Another advantage of the nozzle mechanism according to the present invention is that the nozzle mechanism experiences substantially no deformation along the direction of the discharge path through the outlet, i.e., the elongated axis of symmetry for the outlet. As a result, the physical profile of the fluid channel, which induces swirling action of the liquid in the collecting chamber of the nozzle mechanism, is maintained during liquid discharge.
Another advantage of the nozzle mechanism according to the present invention is that the number of parts which constitute the nozzle mechanism and, in turn, the dispensing system which includes a pump mechanism in combination with the nozzle mechanism, is significantly reduced in comparison to conventional nozzle mechanisms. The reduced number of parts reduces costs and manufacturing complexity.
BRIEF DESCRIPTION OF THE DRAWINGS
FIG. 1 is a cross-sectional view along the length of aerosol dispenser including one embodiment of a nozzle mechanism according to the present invention.
FIG. 2 is a cross-sectional view illustrating the flow path of liquid through the fluid communication path between the liquid reservoir and the nozzle mechanism of the aerosol dispenser shown in FIG. 1.
FIG. 3 is a cross-sectional view along line A--A shown in FIG. 1.

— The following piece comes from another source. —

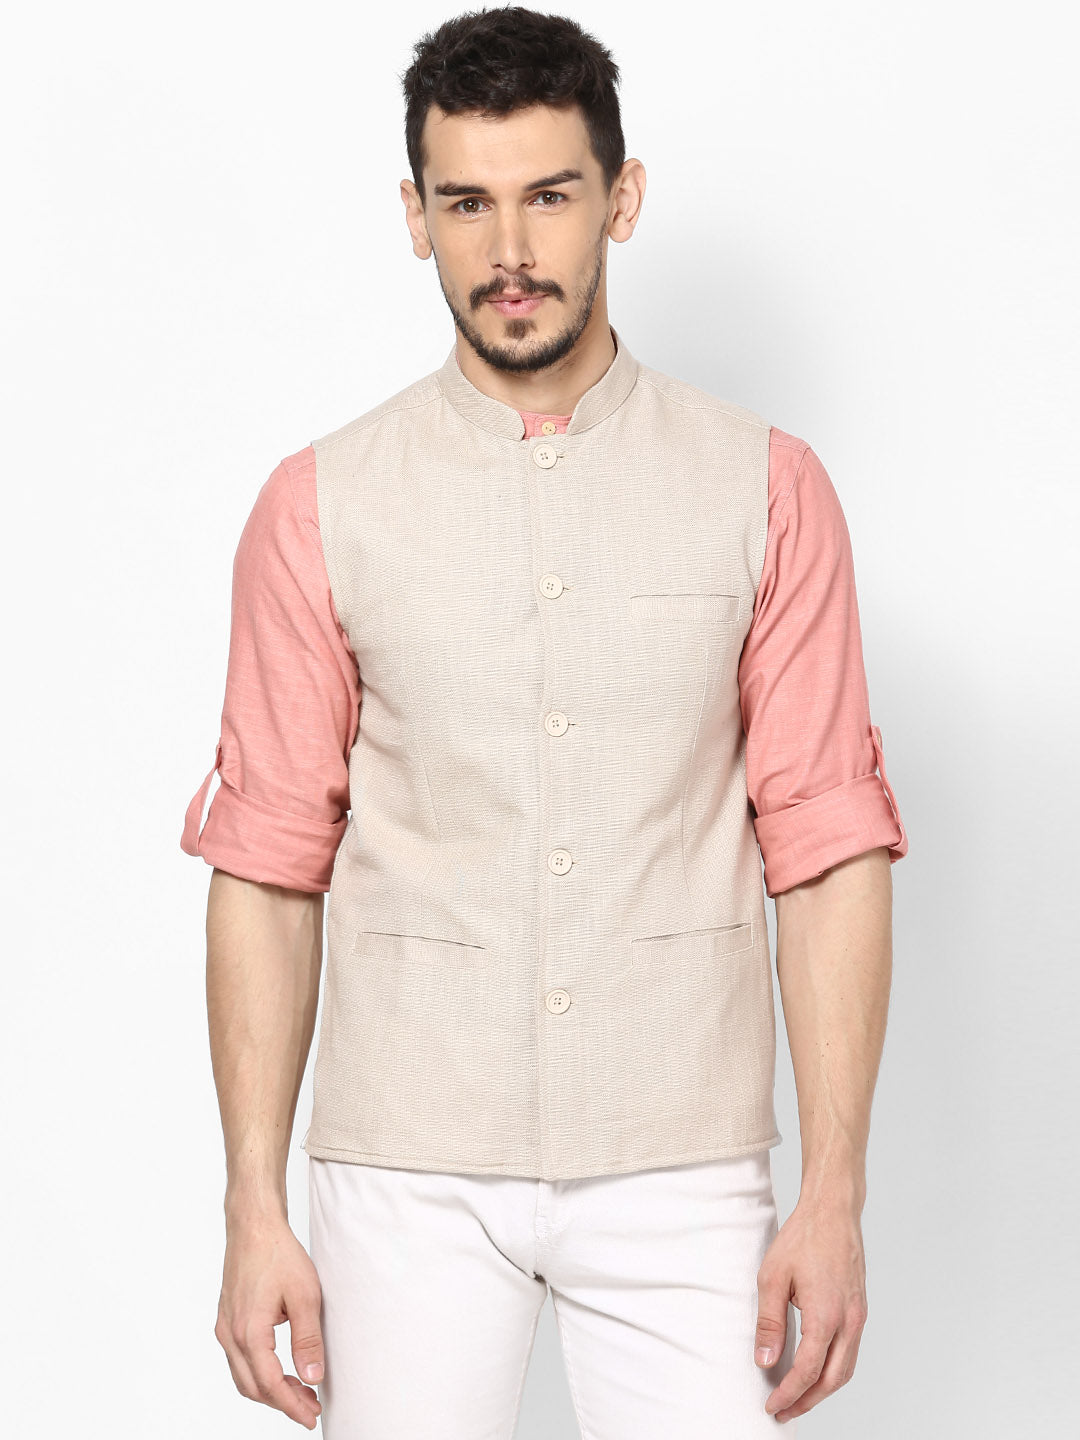 Men's Off White Linen Nehru Jacket - Even Apparels

FIG. 4A is an enlarged cross-sectional view showing one stage of deformation of a valve in the nozzle mechanism according to the present invention shown in FIG. 1.
FIG. 4B is an enlarged cross-sectional view showing another stage of deformation of the valve in the nozzle mechanism according to the present invention shown in FIG. 1.

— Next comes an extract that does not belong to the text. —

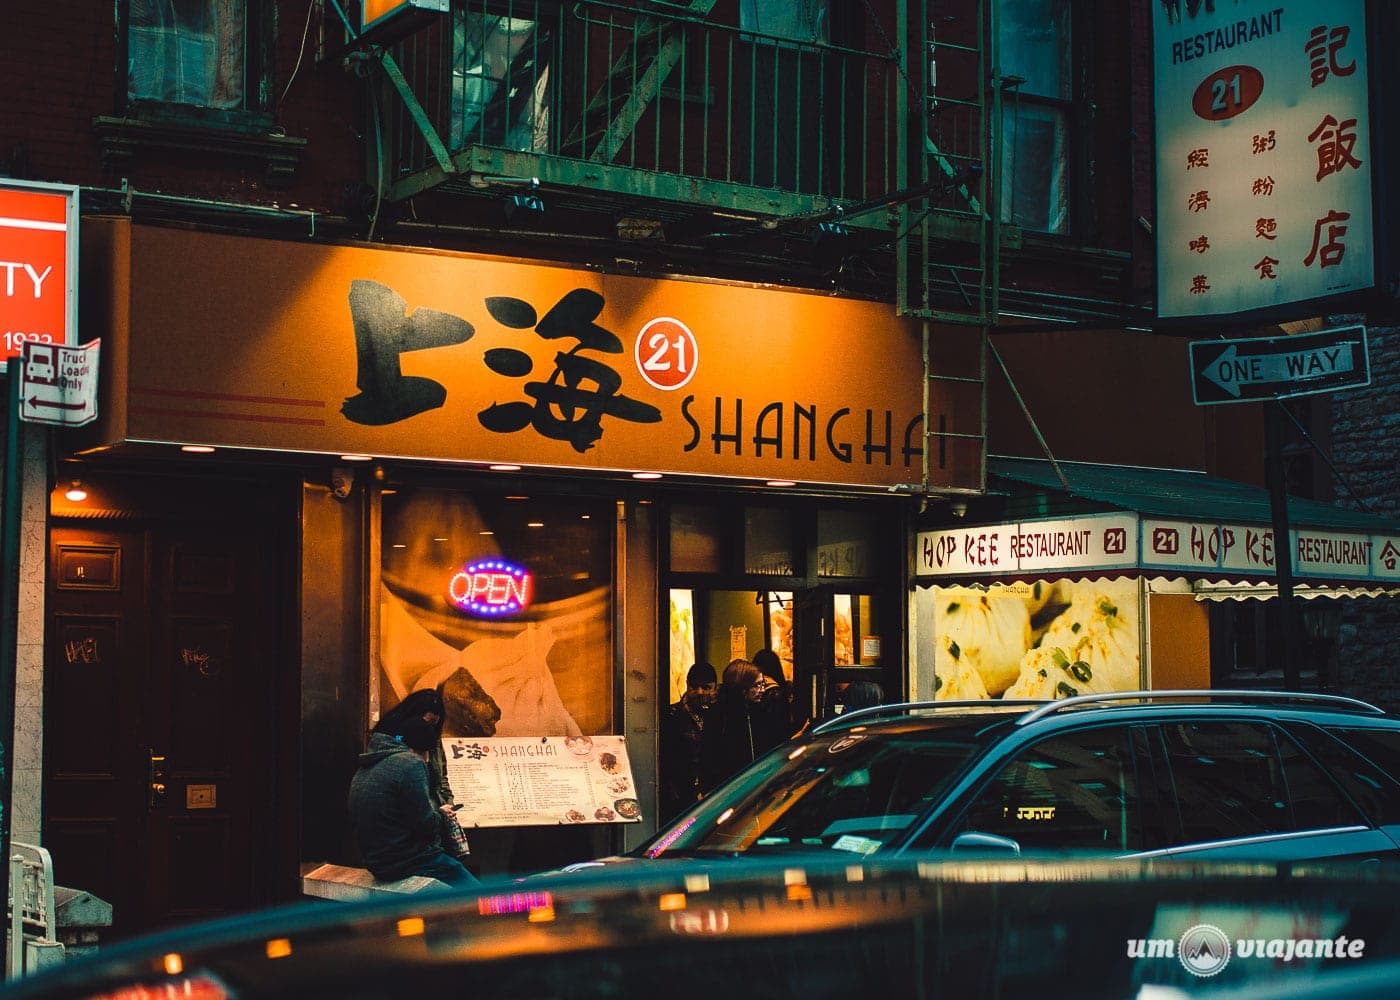 Shanghai 21 - Restaurante em Chinatown - Roteiro NYC

FIG. 5A is an enlarged cross-sectional view showing one stage of deformation of a valve in the body portion of the aerosol dispenser shown in FIG. 1.
FIG. 5B is an enlarged cross-sectional view showing another stage of deformation of the valve in the body portion of the aerosol dispenser shown in FIG. 1.
FIG. 6A is a cross-sectional view showing a second embodiment of the nozzle mechanism according to the present invention.
FIG. 6B is a cross-sectional view along line B--B shown in FIG. 6A.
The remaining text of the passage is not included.